Thursday, March 3, 2011

BOP! ZAP! BOING!

yay!

my first ketamine treatment
will be on 14 march.

take that, crps!  BOP!  ZAP!  BOING!

in the meantime, i need to get
a port put in for i.v. access...

this is me pretending otherwise

it's 1 am on the day i will get either a thumb up or down about receiving subanesthetic ketamine therapy to treat CRPS.

all this time, all this reading, all the people i have spoken with... and NOW i read that glaucoma is a dealbreaker? 

this is me pretending that i do not know.  this is me getting ready to print out the "new patient" forms again, so as NOT to mention glaucoma.

good night.

sweet dreams.

Wednesday, March 2, 2011

Fred: Back in the Day

Fred pouring some in-air Hennessy


A colleague from his days in Ethiopia discovered this telling photograph of Our Beloved Fred, clearly at ease as they flew over the arid terrain they were charged with mapping.  I'm guessing this was snapped at the *end* of a long hot day of topographical fun and games...




The Ethiopia-United States Mapping Mission, also known as the Ethi-U.S. Mapping Mission, was an operation undertaken by the United States Army during the 1960s to provide up-to-date topographic map coverage of the entire country of Ethiopia. The soldiers who conducted the mapping operations on the ground during that time used the latest surveying and mapping techniques and were exposed to many hardships and dangers, but they completed their mission near the end of the decade.
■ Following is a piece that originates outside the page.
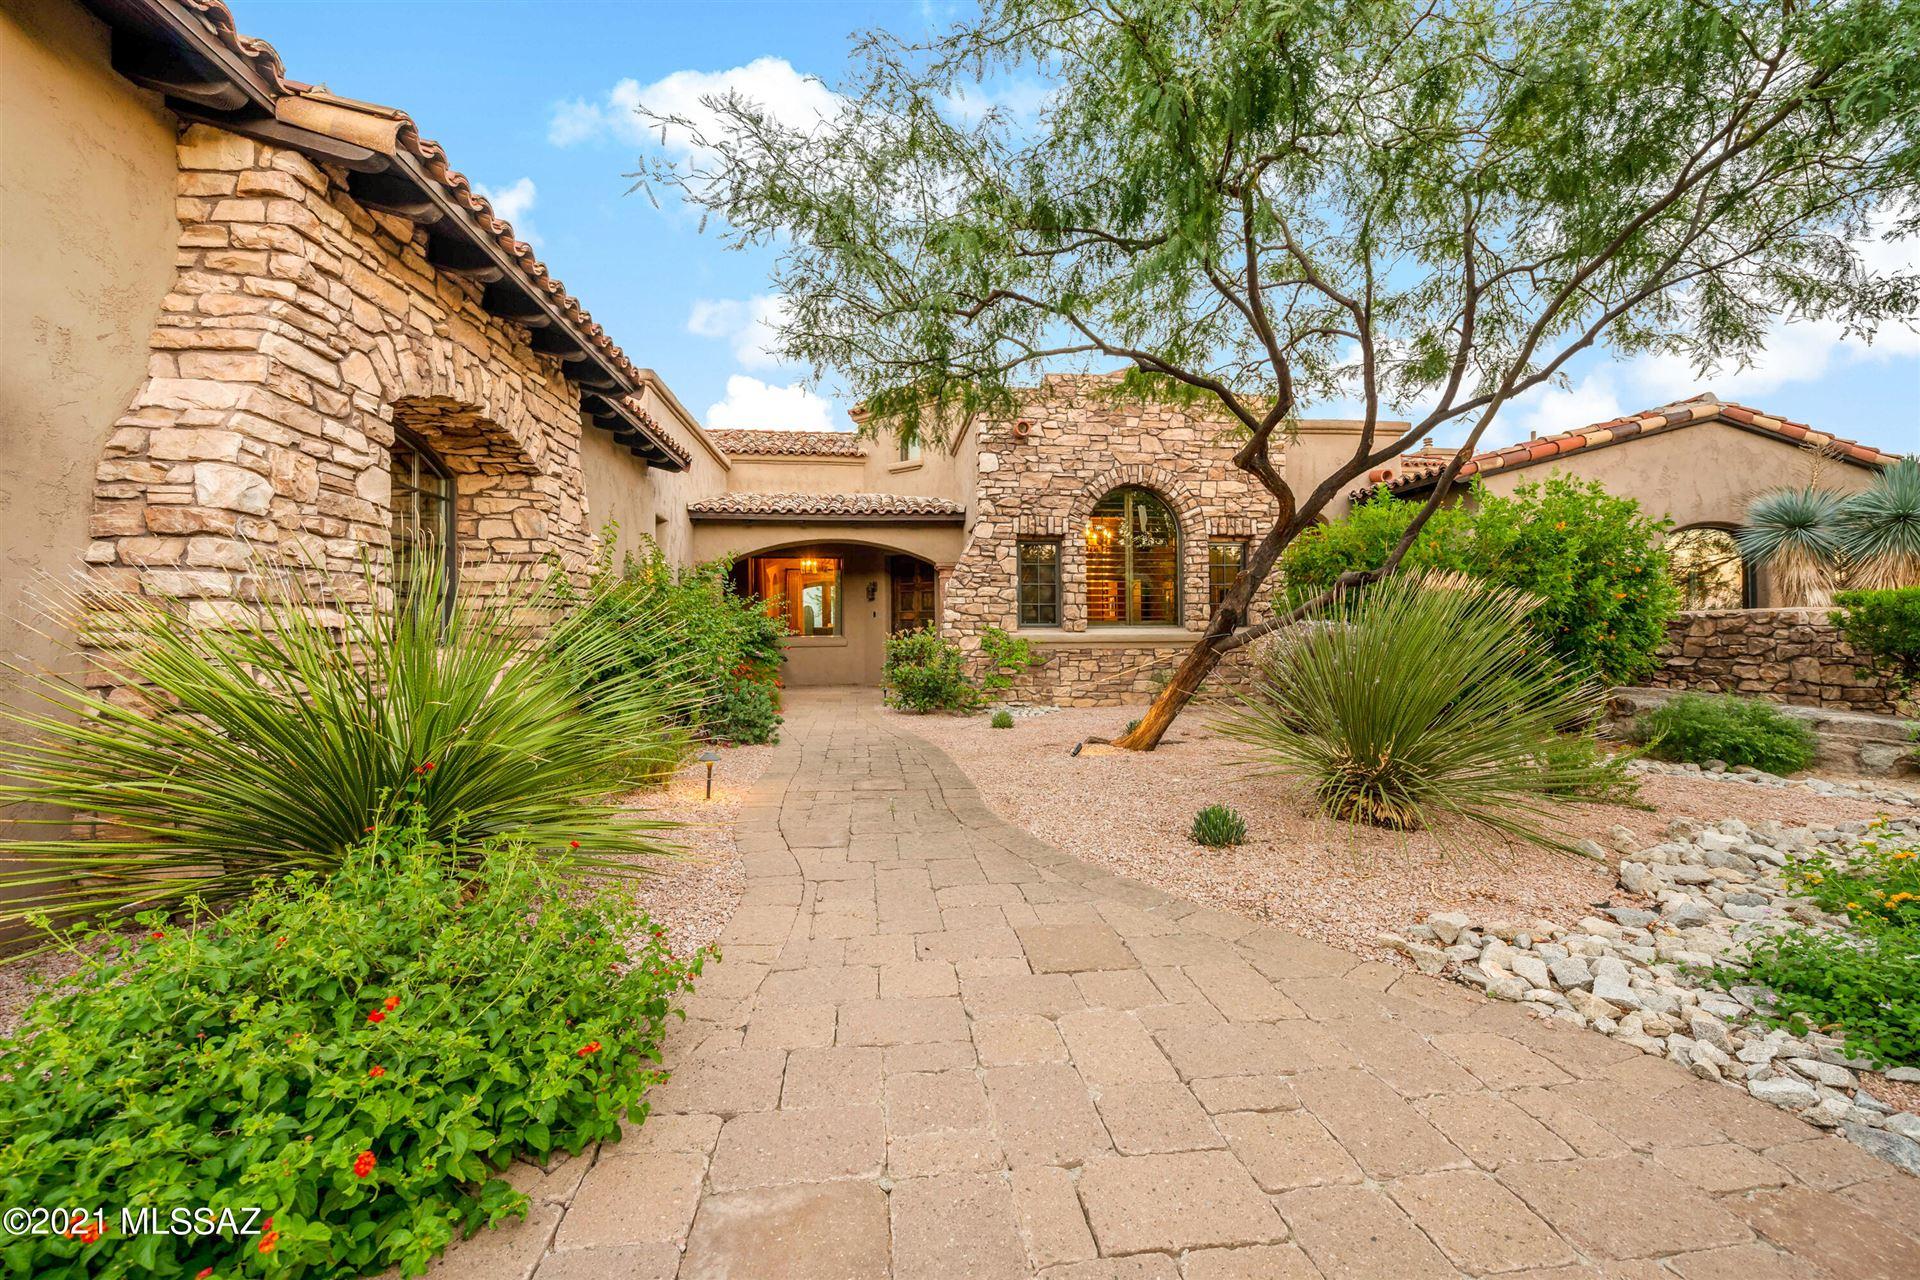 14546 N Shaded Stone Place, Oro Valley, AZ 85755 - MLS#: 22120559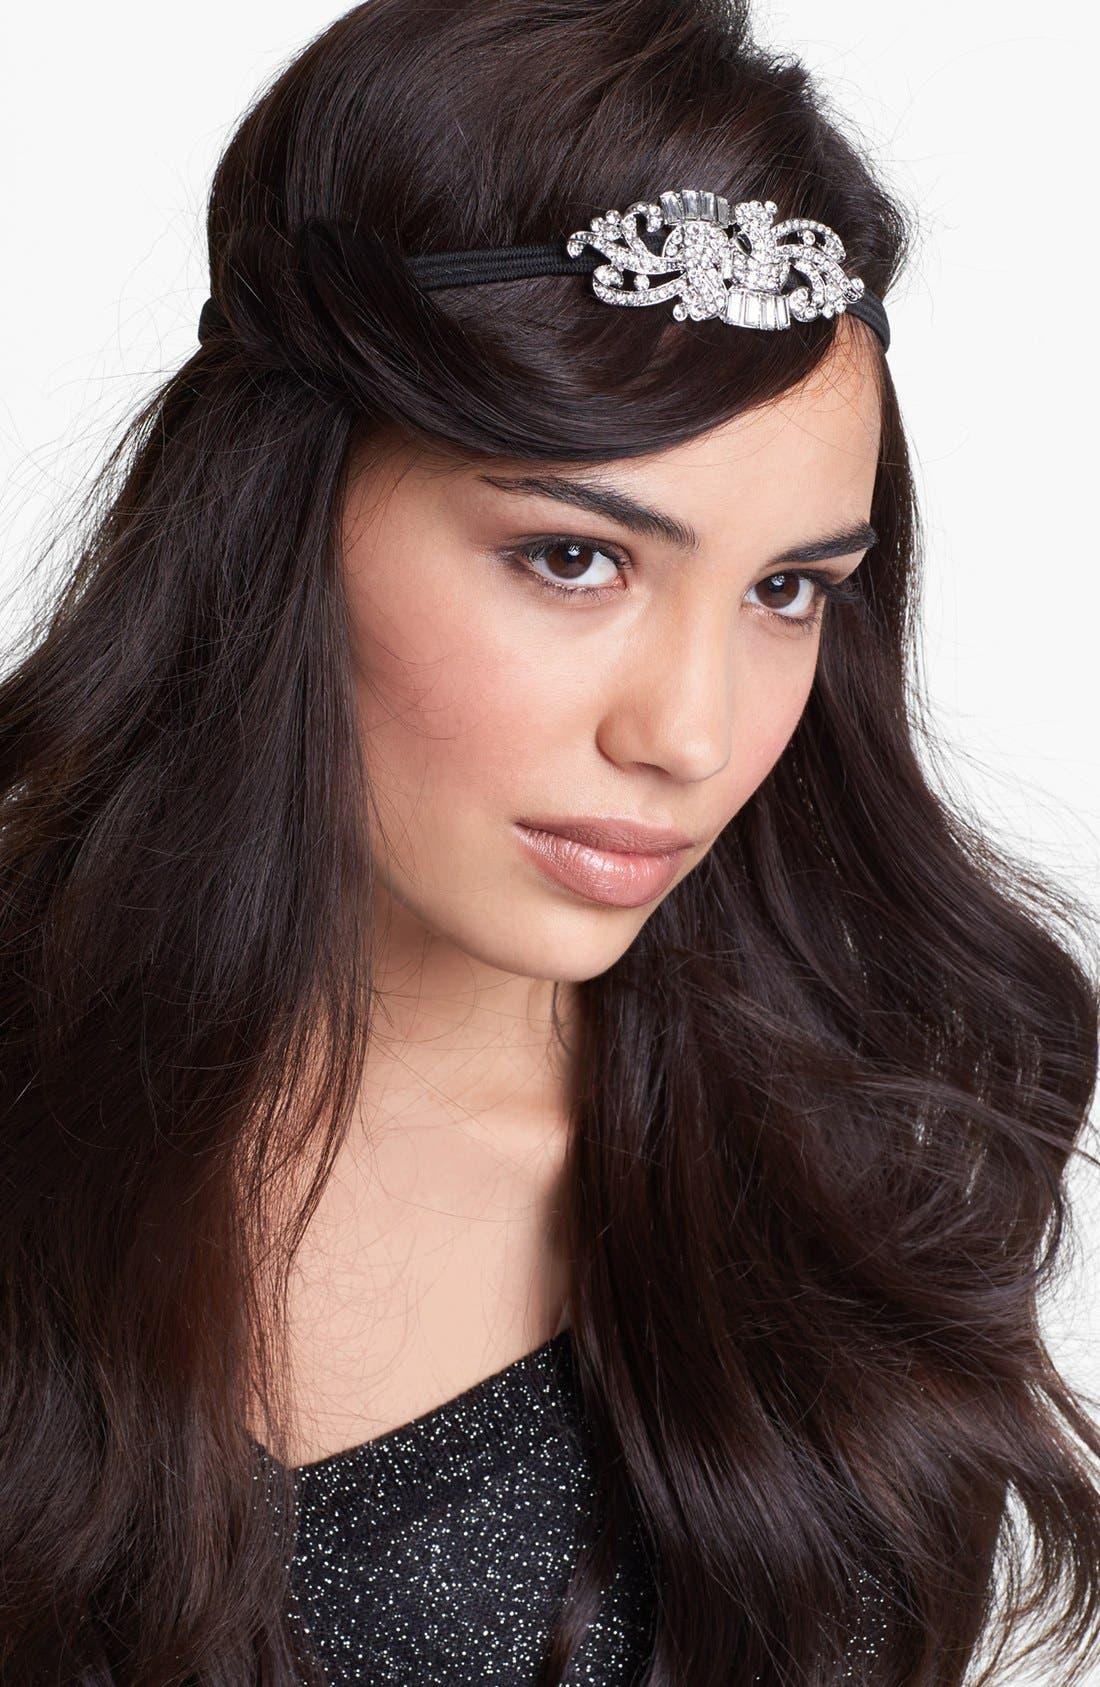 Alternate Image 1 Selected - Cara 'Maxine' Crystal Head Wrap

The maps that were created still serve as the base maps for the country of Ethiopia and are presently being updated and maintained by the Ethiopian Mapping Authority.
Fred loved the country so much that at the end of his famously difficult tour of duty (he suffered several severe bouts of Hennessy Elbow) -- he stuck around for a number of years as an advising civilian.  Today, we honor Ethiopia by sponsoring kids through ChildFund International.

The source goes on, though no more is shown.